Imagine this dream scenario: you are a doctor and have a series of subtle, detailed questions about a patient’s condition to which the answers will help you correctly diagnose their illness, and/or decide the best treatment. You turn to your “assistant” Watson, in this case not Sherlock’s friend but a computer, pose the questions and within seconds, you have the answers, plucked from millions of pages of medical information.
Well that dream appears to be a step closer, because health insurer WellPoint Inc and IBM have agreed to create the first commercial applications of the computer giant Watson’s “Deep Question Answering (QA) technology”.
Under the agreement, IBM will develop the base Watson healthcare platform, and WellPoint will develop and launch solutions that run on it to “help improve patient care through the delivery of up-to-date, evidence-based health care for millions of Americans”, according to a statement released earlier today.
Watson is not named after Sherlock Holmes’ friend but after IBM founder Thomas J Watson. Designed and built by IBM scientists, the goal is for Watson to rival the human ability to answer questions posed in natural language with speed, accuracy and confidence.
Watson passed an important milestone when in February this year, it competed on the US popular daily quiz show Jeopardy! and beat the show’s two most successful and celebrated contestants: Ken Jennings and Brad Rutter. The match, which took place over three days, is currently being rebroadcast.
The quiz show provided Watson’s creators with the ultimate challenge, because the clues have subtle meanings, riddles, irony, and other complexities and nuances of languages that humans deal with easily but computers find hard to understand.
The scientist leading the team that created Watson, Dr. David Ferrucci, an IBM Fellow, told the press that:
“With the Jeopardy! challenge, we accomplished what was thought to be impossible – building a computer system that operates in the near limitless, ambiguous and highly contextual realm of human language and knowledge.”
He said watching the match again will remind us of “the great power and potential behind Watson to be able to make sense of the massive amounts of data around us and to solve problems in new ways.”
WellPoint and IBM see that Watson’s ability to analyze the meaning and context of human language and quickly sift through vast amounts of data to suggest options tailored to the patient’s condition will help nurses and doctors identify the most likely diagnosis and treatment options.
Today, medical professionals face a huge challenge in keeping pace with the hundreds of thousands of articles on the latest studies and research, and then applying that knowledge to the care of their patients.
Watson can sift through 1 million books or about 200 million pages of data, analyze it, and return precise answers in under three seconds.
The skill of course is in how to put the information into the system in the first place, and this is what the two companies will be working on. The plan is to allow physicians easily to coordinate medical data programmed into Watson with specific patient factors.
Conditions such as diabetes, cancer, chronic heart or kidney disease, are complex and arriving at their diagnosis and options for treatement involves piecing together intricate details. WellPoint and IBM intend to develop Watson to be able to look not only at massive amounts of medical literature and population health data, but also at the patient’s record, while complying with the relevant privacy and security laws, to address profound and complex questions.
For example, they see doctors being able to use Watson to consult patient histories, see recent test results, recommend treatments and highlight the latest relevant research findings so they can discuss the best and most effective treatments with their patients.
WellPoint’s Chief Medical Officer, Dr Sam Nussbaum said:
“There are breathtaking advances in medical science and clinical knowledge, however; this clinical information is not always used in the care of patients.

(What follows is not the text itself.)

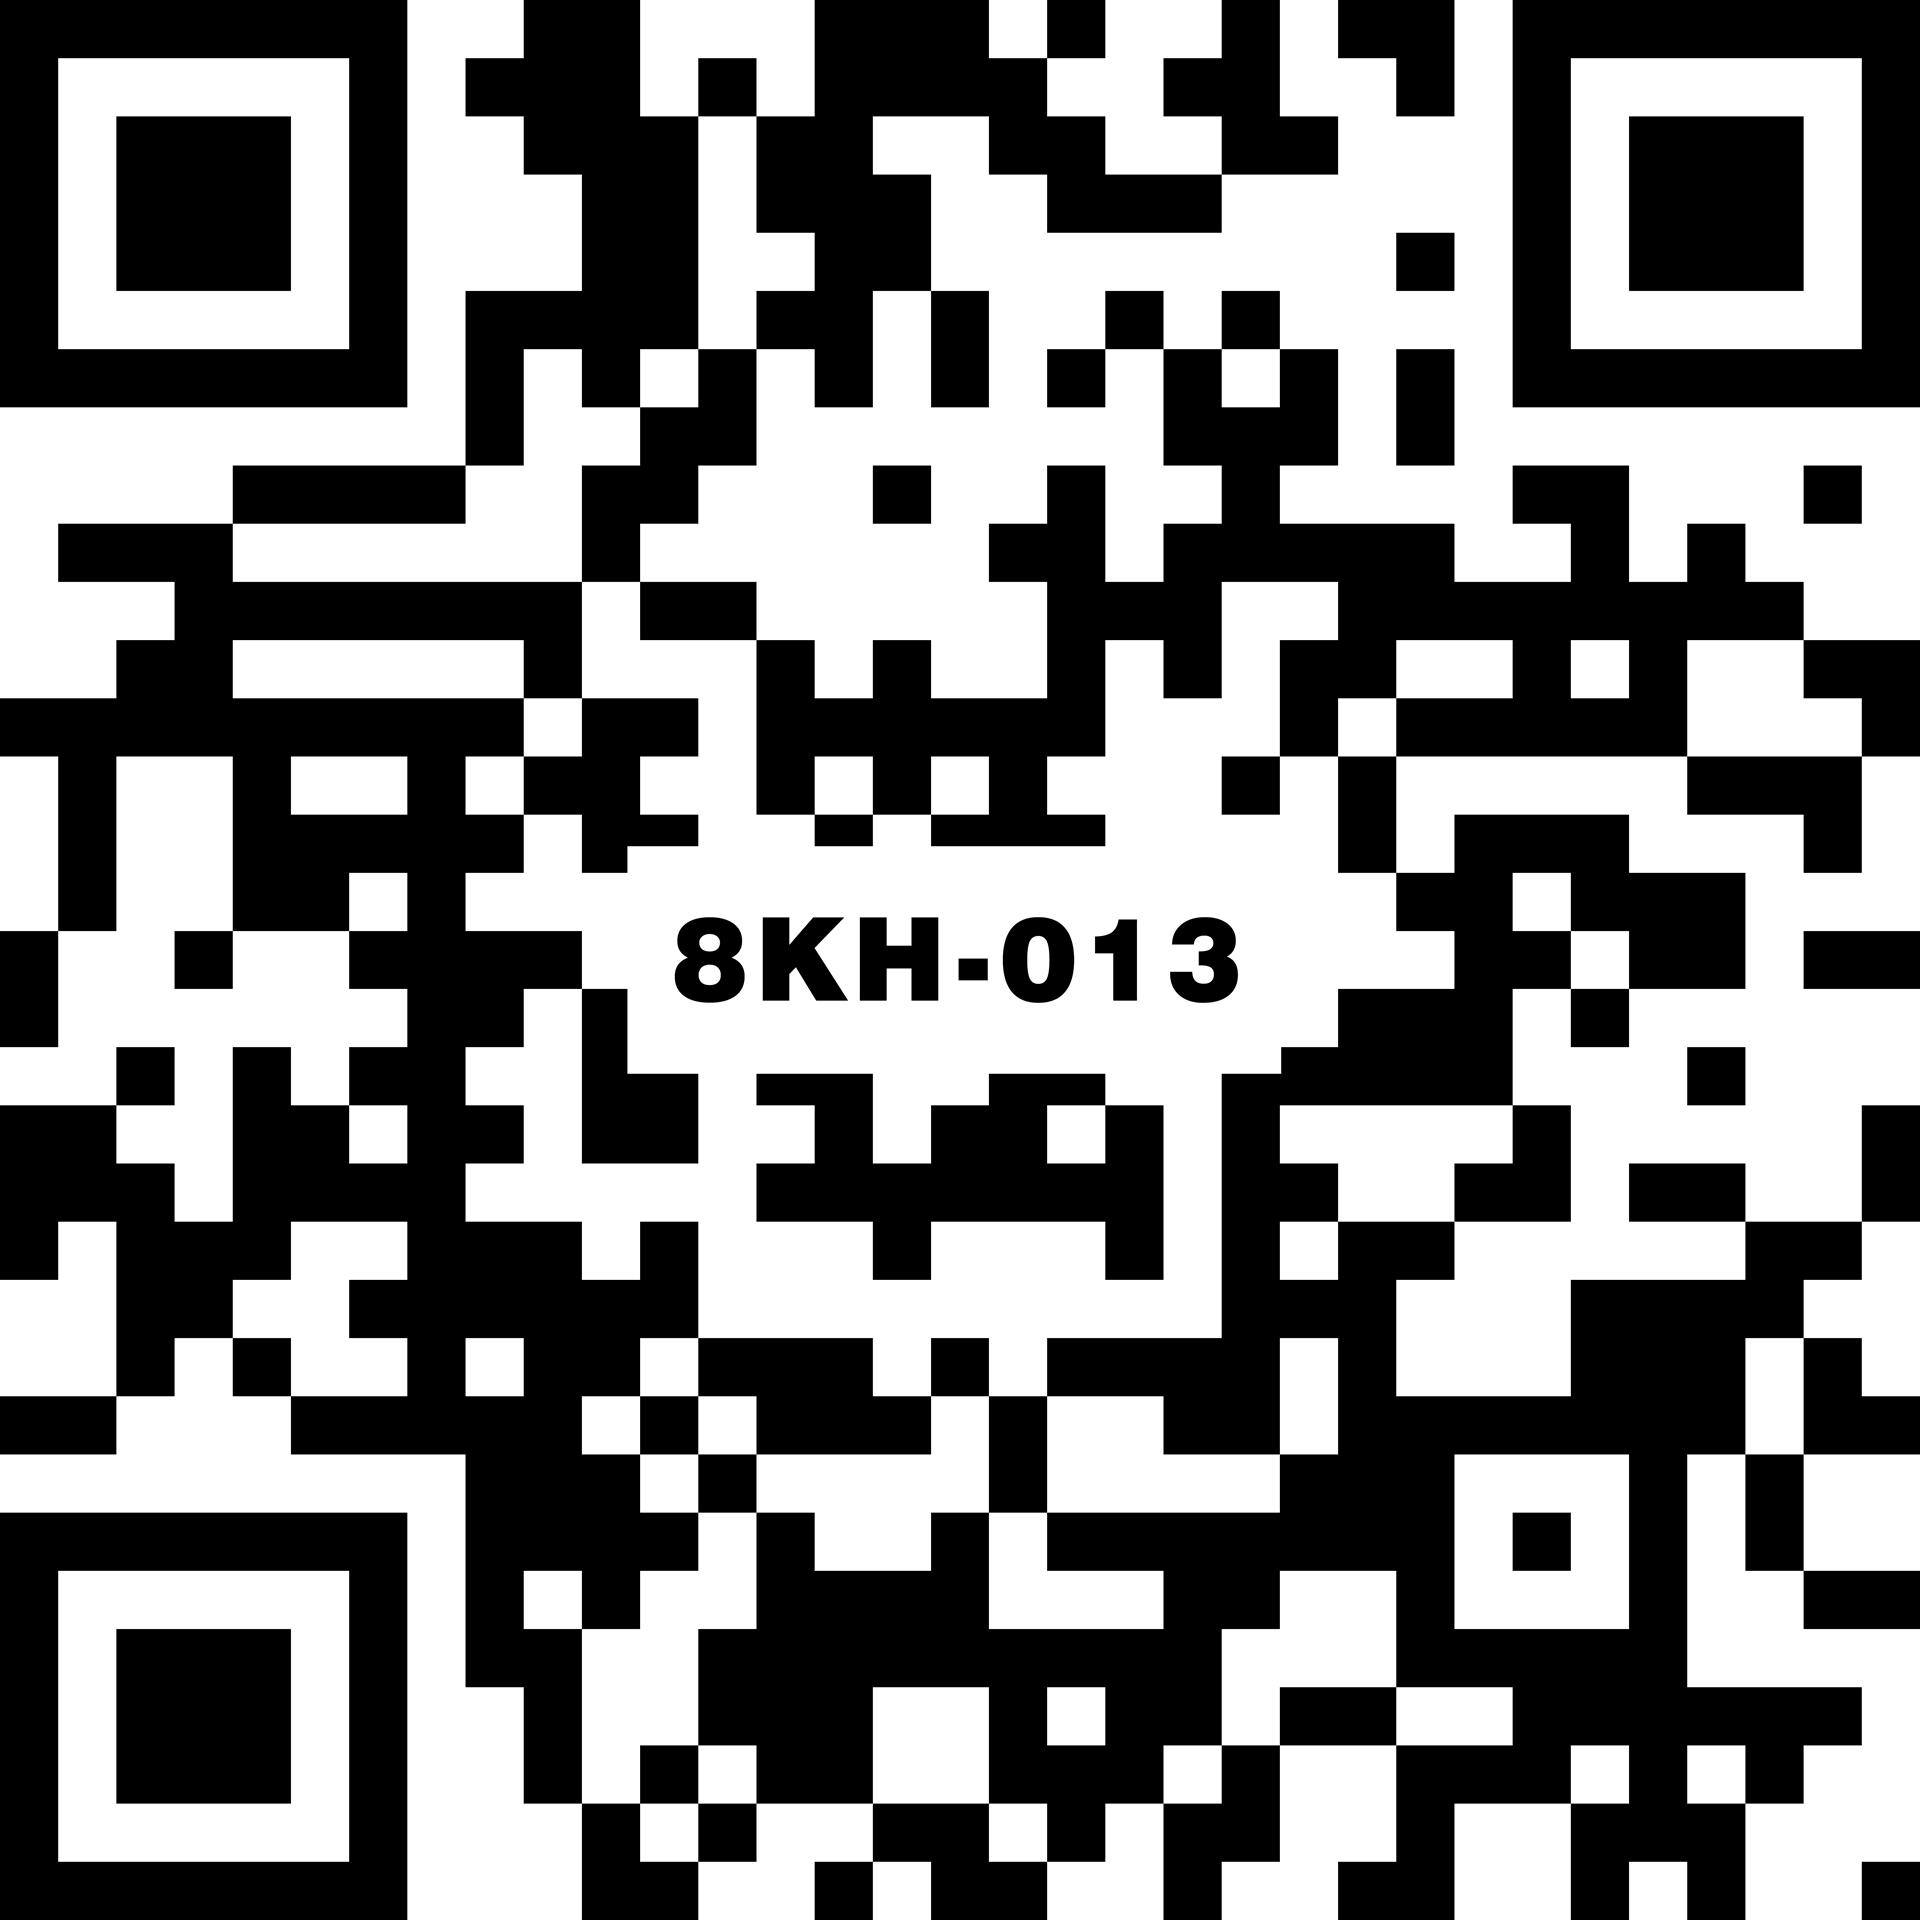 8KH-013
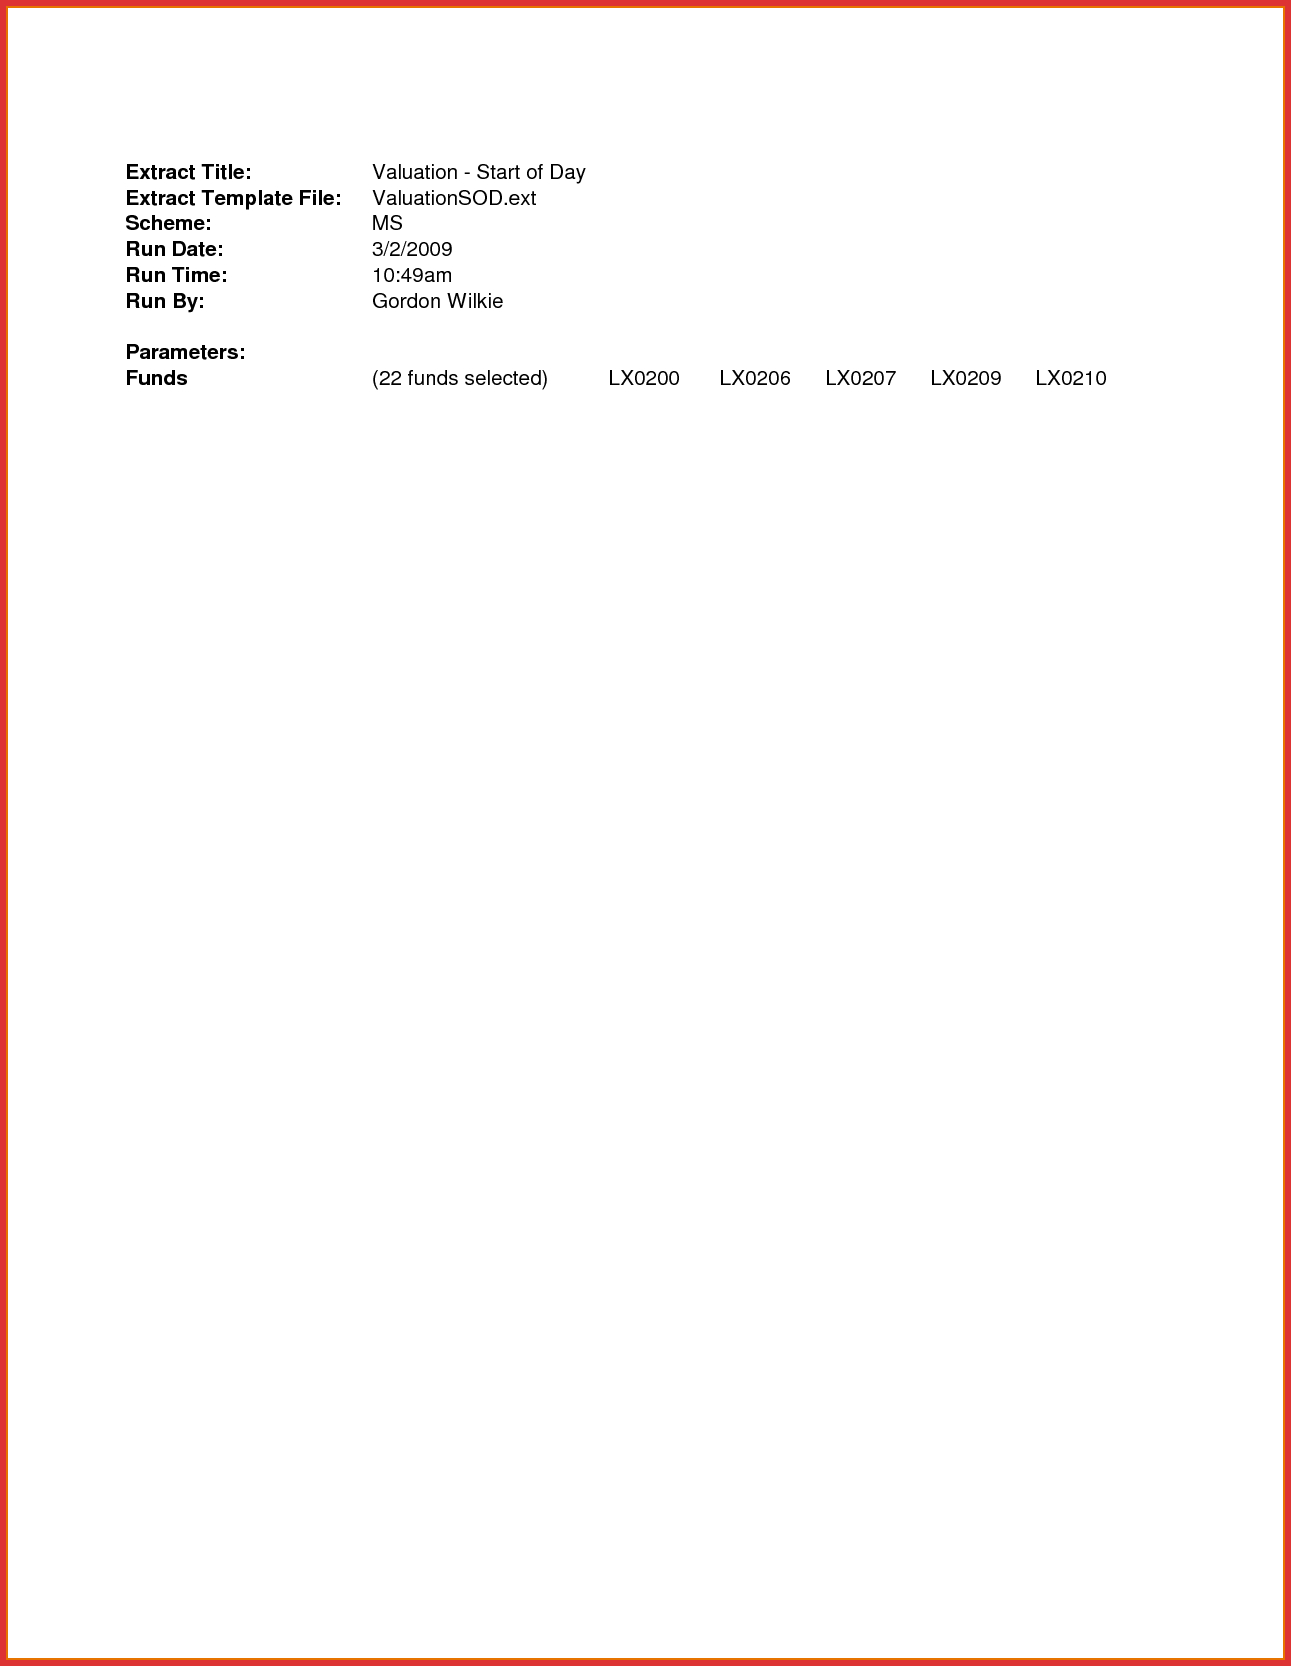 New M Label Templates  Job Latter Regarding 3M Label Templates

Imagine having the ability to take in all the information around a patient’s medical care — symptoms, findings, patient interviews and diagnostic studies.”
“Then, imagine using Watson analytic capabilities to consider all of the prior cases, the state-of-the-art clinical knowledge in the medical literature and clinical best practices to help a physician advance a diagnosis and guide a course of treatment,” he added.
It is possible that the joint development will take Watson to the point where it can help doctors also take into account drug interactions and so narrow down from a large range to a select few treatment options for their patients.
The developers also anticipate that Watson will streamline communication between the doctor and the patient’s health plan, leading to more efficient clinical review of complex cases.
Manoj Saxena, general manager, Watson Solutions, IBM Software Group, said:
“With medical information doubling every five years and health care costs increasing, Watson has tremendous potential for applications that improve the efficiency of care and reduce wait times for diagnosis and treatment by enabling clinicians with access to the best clinical data the moment they need it.”
WellPoint said they hope to start pilot trials of the jointly developed Watson in early 2012.